Spotifyは2026年、1再生あたりいくら支払うのか?

·Spotify公式のRoyalties GuideとLoud & Clearのデータで確認済み·7 分で読めます

短い答え

Spotifyは1再生ごとに決まった金額を支払っているわけではない。Premium会員の購読料と広告収入をプールし、「ストリームシェア」に基づいて分配する。つまり、ある市場における総再生数に占めるあなたの割合が、その市場の印税プールにおけるあなたの取り分を決める。Spotify自身がこの点を明言している。ファンが曲ごとに支払っているわけではないのと同様に、主要なストリーミングサービスは1再生あたりの単価を支払ってはいない(Spotify for Artists, Royalties Guide)。

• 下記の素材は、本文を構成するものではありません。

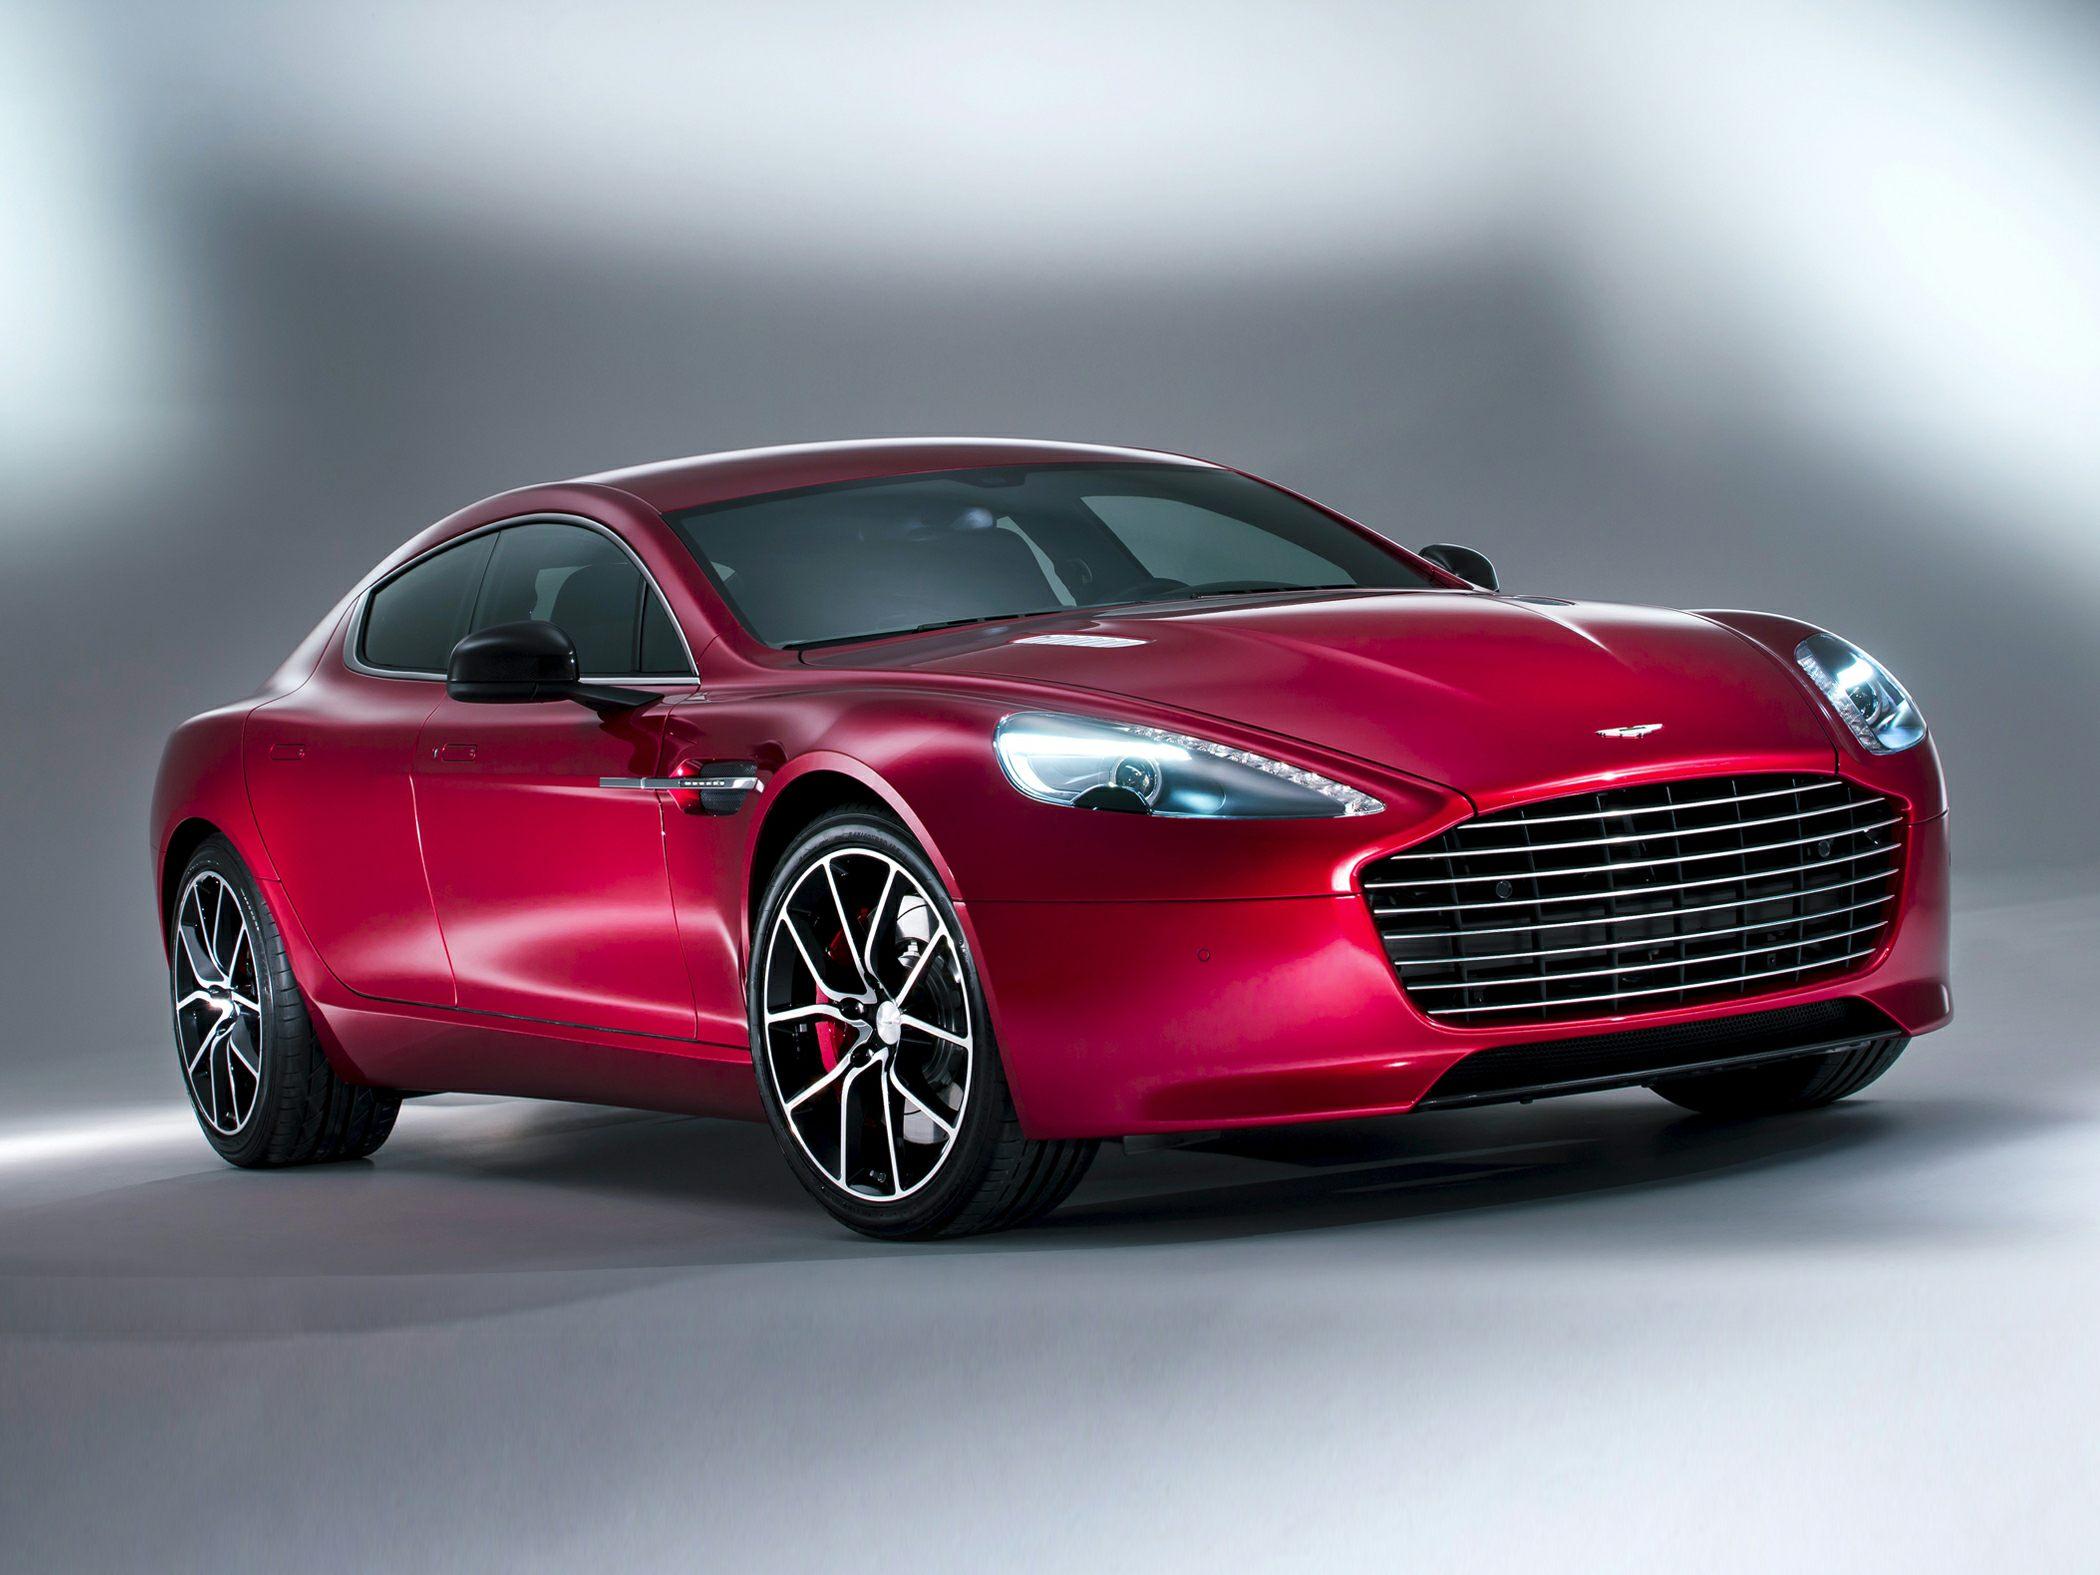 2017 Aston Martin Rapide S Information

とはいえ、支払い総額を総再生数で割ると、第三者の推計では1再生あたりおおよそ$0.003〜$0.005の範囲に収まり、2026年の各ディストリビューターのガイドで最も多く引用される中央値は$0.003〜$0.004となっている(TuneCore, 2026)。実際の単価は、リスナーの国、Premiumか広告付き無料プランか、ディストリビューターやレーベルとの契約内容、そして権利者が何人でレコーディングを分け合うかによって、この範囲より上にも下にもなり得る。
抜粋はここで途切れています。